◆ Task prompt: Reproduce the listing below exactly, beginning with its first line and ending with the line that holds "Белозёрова М. В."; pictures are not part of the copy.

◆ Available data:
——

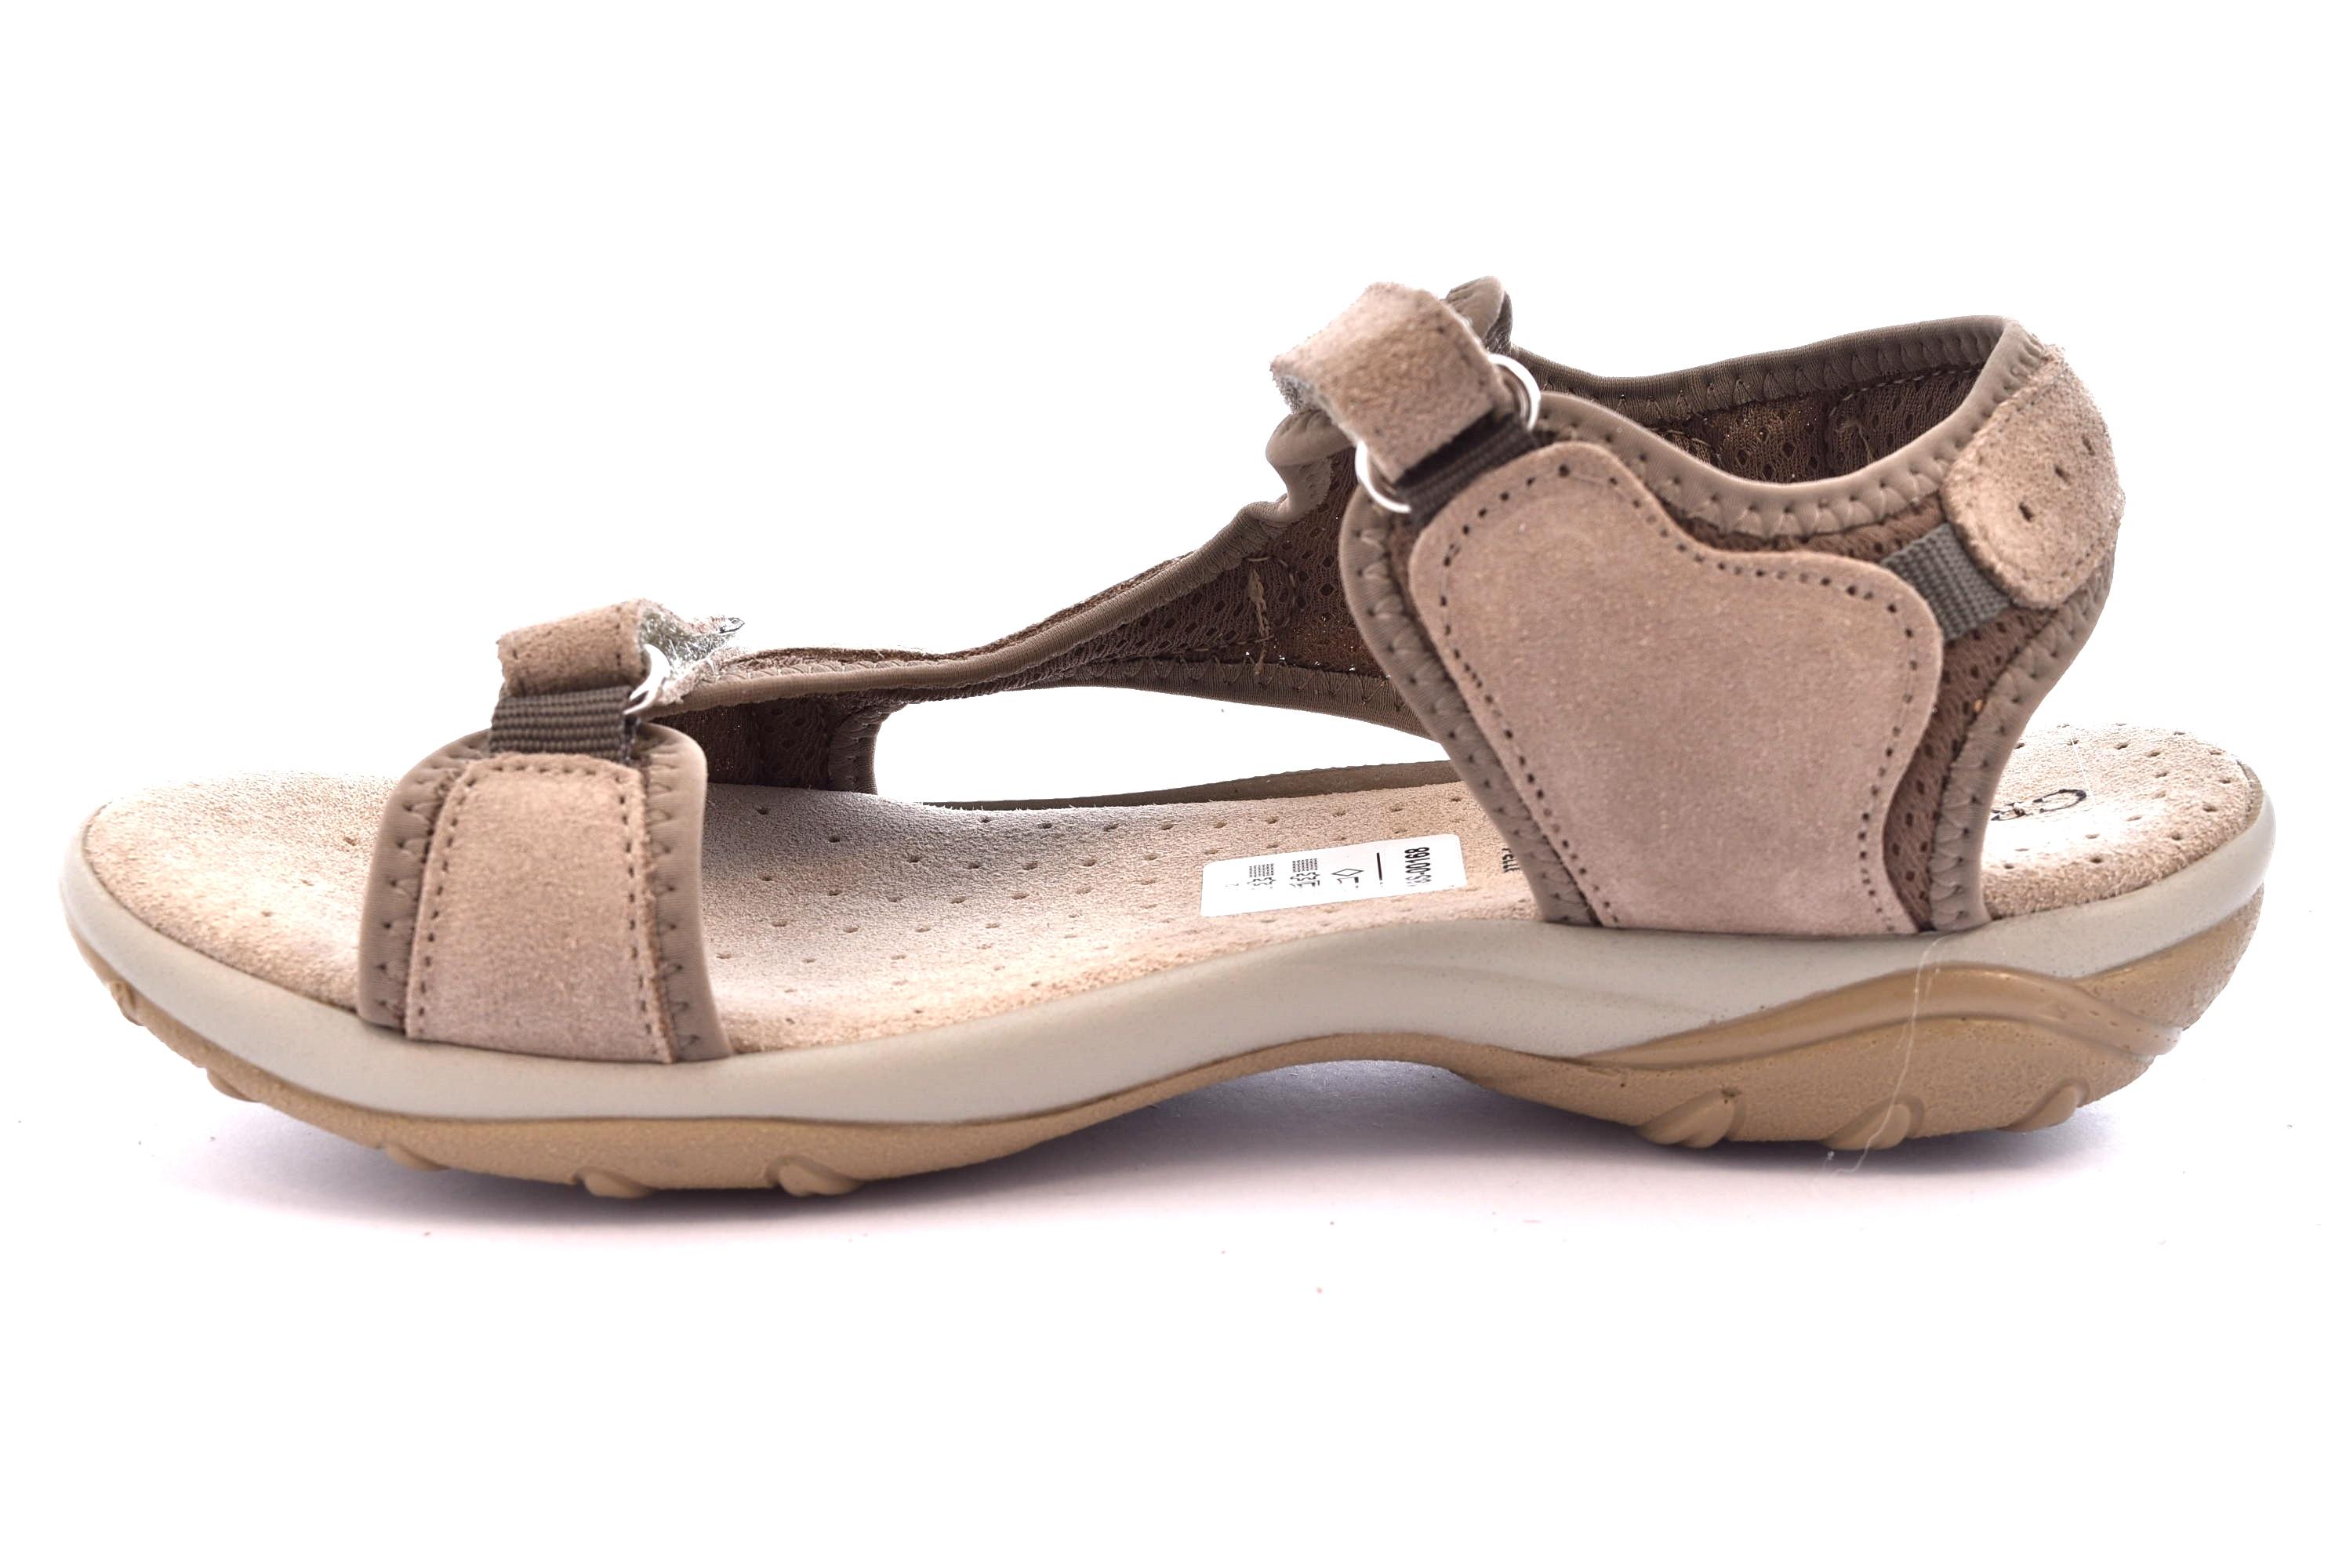 ... GRUNLAND OLLY SA1585 75 BEIGE TERRA scarpe sandali donna sportivi  strappo f88411e438f
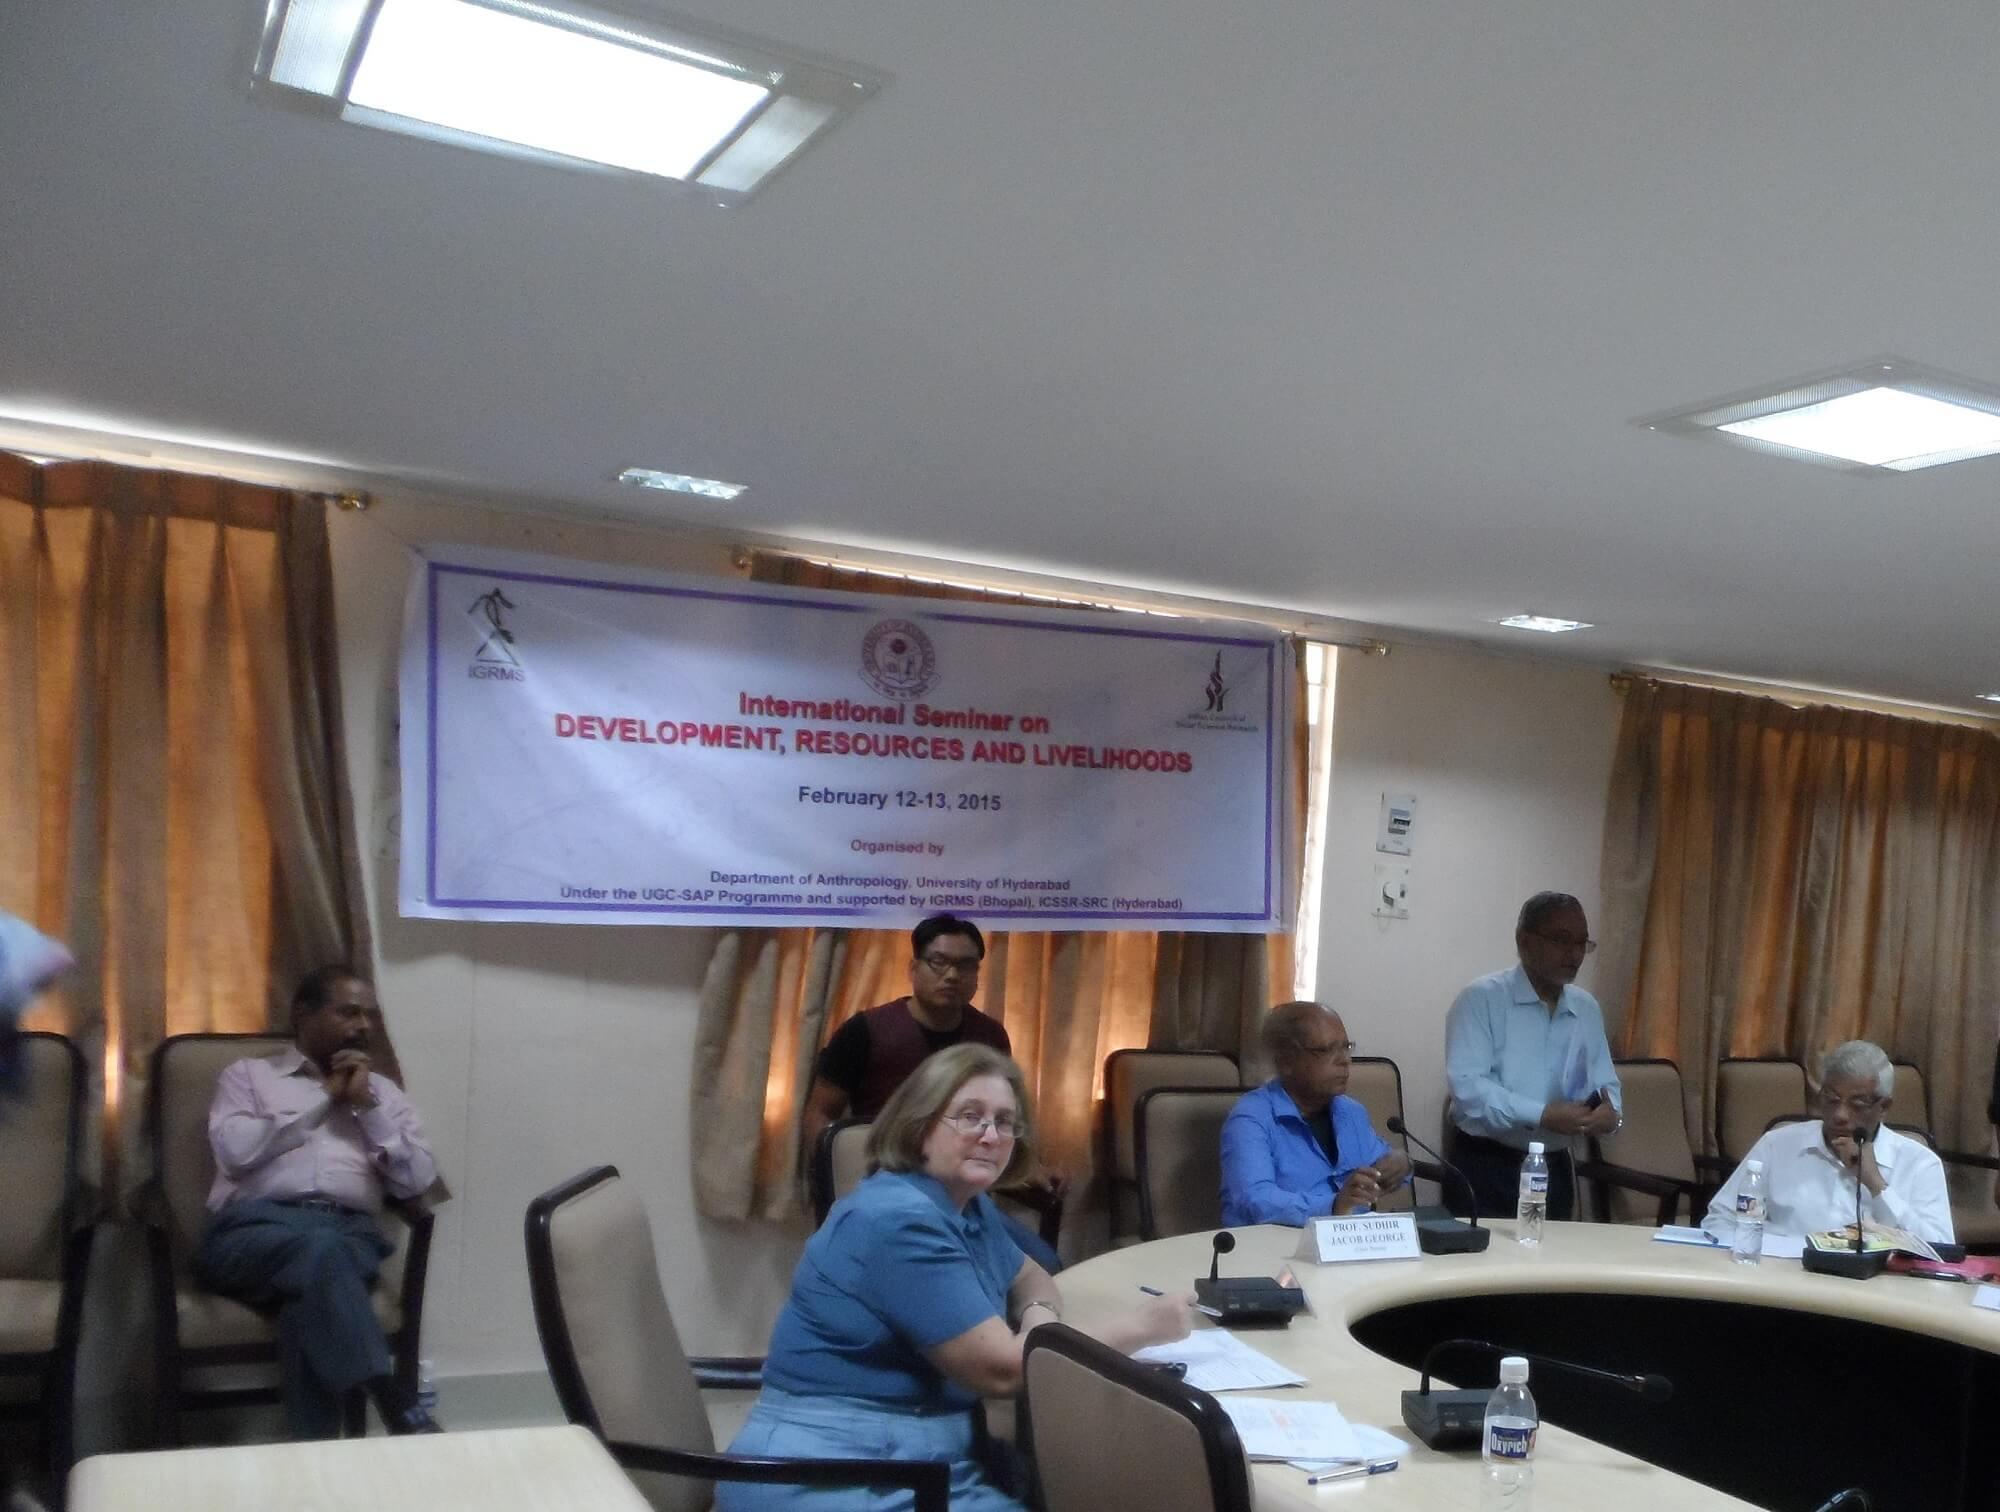 Белозёрова М. В. Участник Международной научной конференции «Development, Resources and Livelihoods: International Seminar. Abstracts». – Hyderabad (India): University of Hyderabad, Department of Anthropology, February 12-13, 2015
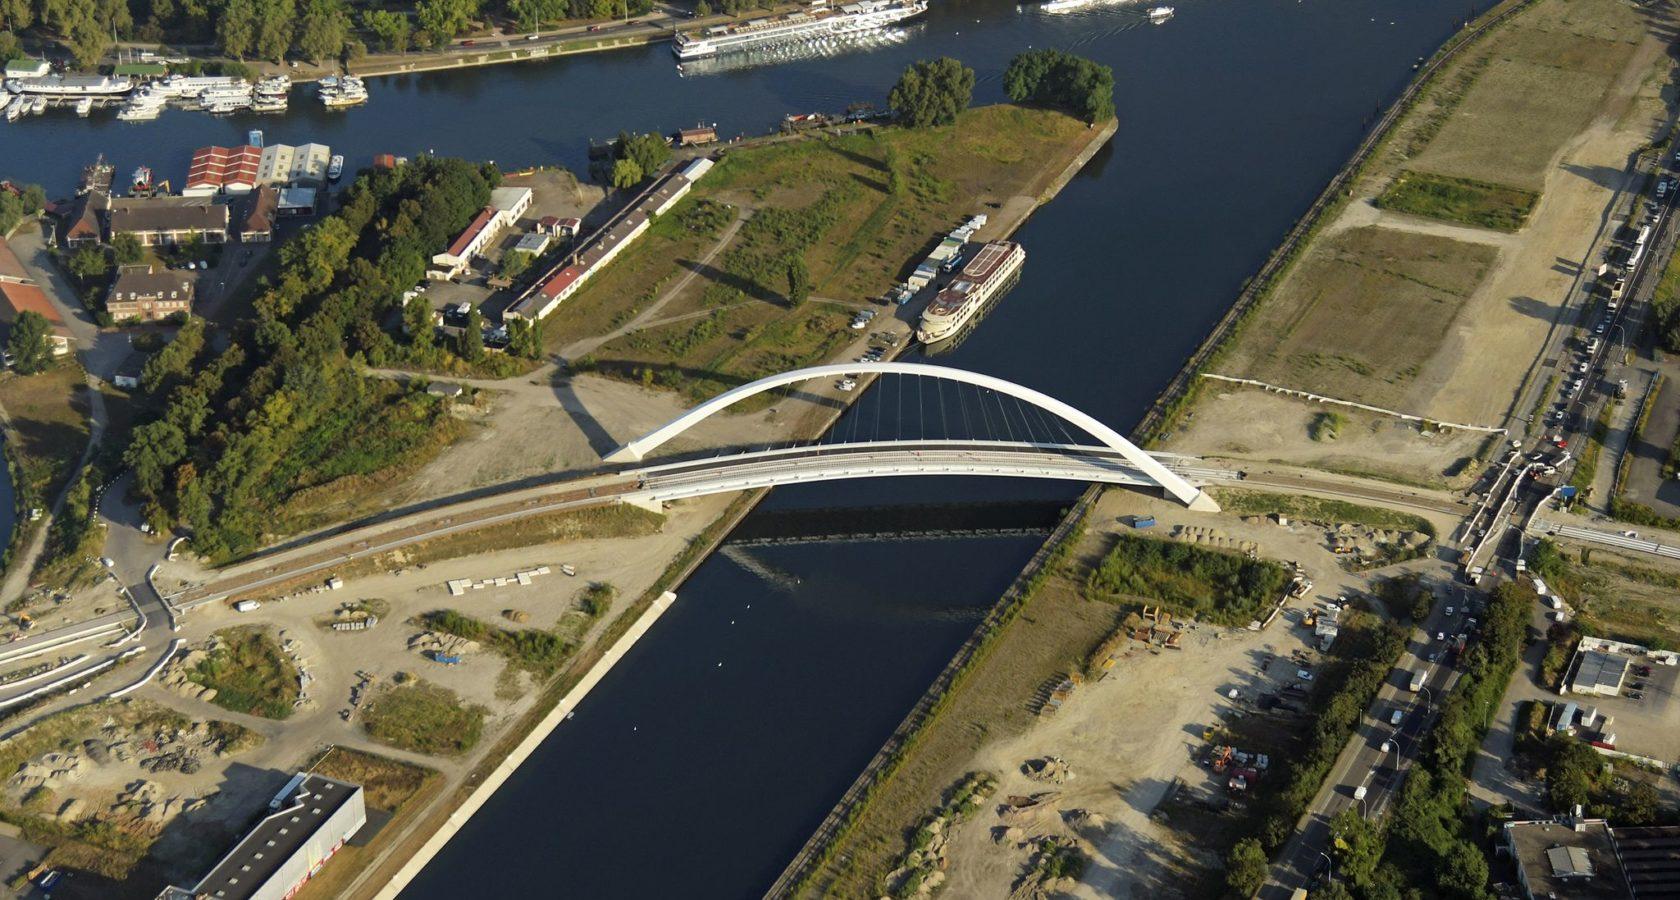 Vue aérienne du pont André Bord dans le quartier Citadelle. Crédits photo Jean Isenmann, ADEUS

——

◆ Answer to the exercise:
 ... GRUNLAND OLLY SA1585 75 BEIGE TERRA scarpe sandali donna sportivi  strappo f88411e438f
 Белозёрова М. В. Участник Международной научной конференции «Development, Resources and Livelihoods: International Seminar. Abstracts». – Hyderabad (India): University of Hyderabad, Department of Anthropology, February 12-13, 2015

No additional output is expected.